It would seem that even a non-forwards only network would only find a polynomial of best fit, reducing errors across the expanse of the training set and no further.
Am I missing something obvious, or did most of Machine Learning just look at recursion and pretend like those problems don't exist?
Update
Technically any programming language can be considered the DNA of a genetic algorithm, where the compiler (and possibly console out measurement) would be the fitness function.
The issue is that programming (so far) cannot be expressed in a hill climbing way - literally, the fitness is 0, until the fitness is 1. Things don't half work in programming, and if they do, there is no way of measuring how 'working' a program is for unknown situations. Even an off by one error could appear to be a totally different and chaotic system with no output. This is exactly the reason learning to code in the first place is so difficult, the learning curve is almost vertical.
Some might argue that you just need to provide stronger foundation rules for the system to exploit - but that just leads to attempting to generalize all programming problems, which circles right back to designing a programming language and loses all notion of some learning machine at all. Following this road brings you to a close variant of LISP with mutate-able code and virtually meaningless fitness functions that brute force the 'nice' and 'simple' looking code-space in attempt to follow human coding best practices.
Others might argue that we simply aren't using enough population or momentum to gain footing on the error surface, or make a meaningful step towards a solution. But as your population approaches the number of DNA permutations, you are really just brute forcing (and very inefficiently at that). Brute forcing code permutations is nothing new, and definitely not machine learning - it's actually quite common in regex golf, I think there's even an xkcd about it...
The real problem isn't finding a solution that works for some specific recursive function, but finding a solution space that can encompass the recursive domain in some useful way.
So other than Neural Networks trained using Backpropagation hypothetically finding the closed form of a recursive function (if a closed form even exists, and they don't in most real cases where recursion is useful), or a non-forwards only network acting like a pseudo-programming language with awful fitness prospects in the best case scenario, plus the virtually impossible task of tuning exit constraints to prevent infinite recursion... That's really it so far for machine learning and recursion?
According to Kolmogorov et al's On the representation of continuous functions of many variables by superposition of continuous functions of one variable and addition, a three layer neural network can model arbitrary function with the linear and logistic functions, including f(n) = ((1+sqrt(5))^n - (1-sqrt(5))^n) / (2^n * sqrt(5)), which is the close form solution of Fibonacci sequence.
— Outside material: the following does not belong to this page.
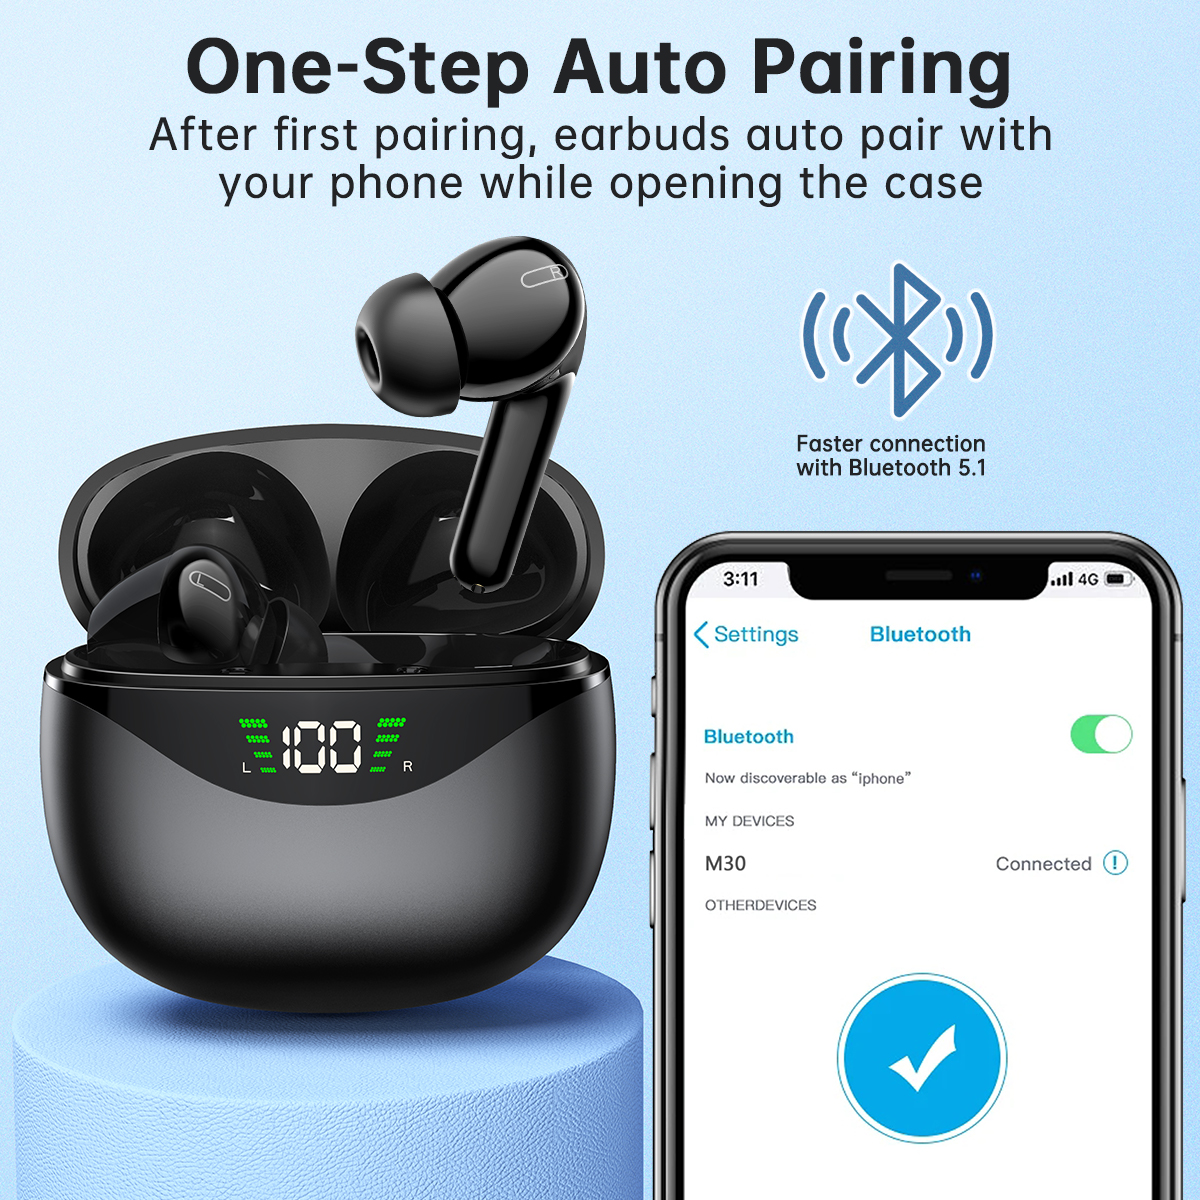 Wireless Earbuds, Bluetooth 5.1 Headphones 30Hrs Playtime with LED Power Display, IPX7 Waterproof Earphones, One-Step Pairing, TWS in Ear Stereo Headset Built-in Mic for iPhone/Android (Black) - image 3 of 7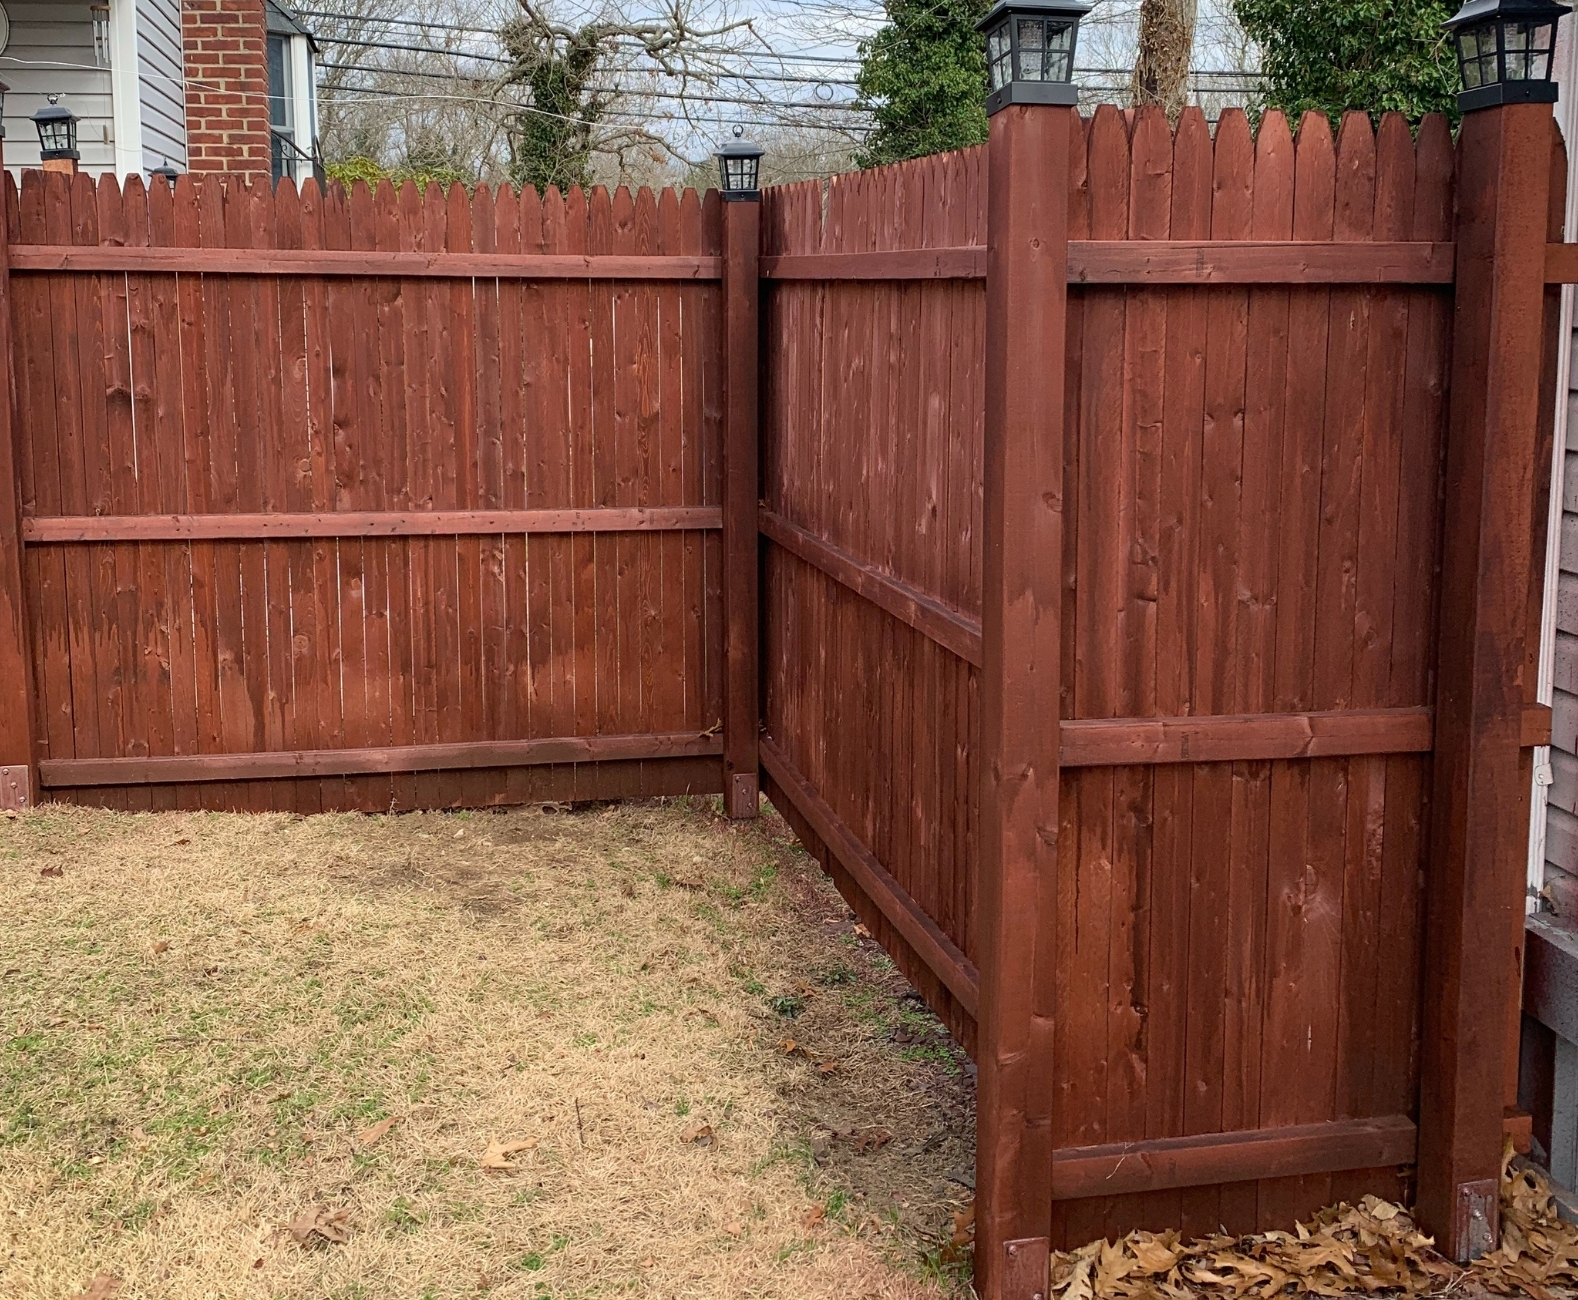 Michelle's Refinished Fence

If you would like to treat the problem as a recursive sequence without a closed-form solution, I would view it as a special sliding window approach (I called it special because your window size seems fixed as 2). There are more general studies on the proper window size for your interest. See these two posts:
Time Series Prediction via Neural Networks
Proper way of using recurrent neural network for time series analysis
Ok, where to start...
Firstly, you talk about 'machine learning' and 'perfectly emulate'. This is not generally the purpose of machine learning algorithms. They make informed guesses given some evidence and some general notions about structures that exist in the world. That typically means an approximate answer is better than an 'exact' one that is wrong. So, no, most existing machine learning approaches aren't the right tools to answer your question.
Second, you talk of 'recursive structures' as some sort of magic bullet. Yet they are merely convenient ways to represent functions, somewhat analogous to higher order differential equations. Because of the feedbacks they tend to introduce, the functions tend to be non-linear. Some machine learning approaches will have trouble with this, but many (neural networks for example) should be able to approximate you function quite well, given sufficient evidence.
As an aside, having or not having closed form solutions is somewhat irrelevant here. What matters is how well the function at hand fits with the assumptions embodied in the machine learning algorithm. That relationship may be complex (eg: try approximating fibbonacci with a support vector machine), but that's the essence.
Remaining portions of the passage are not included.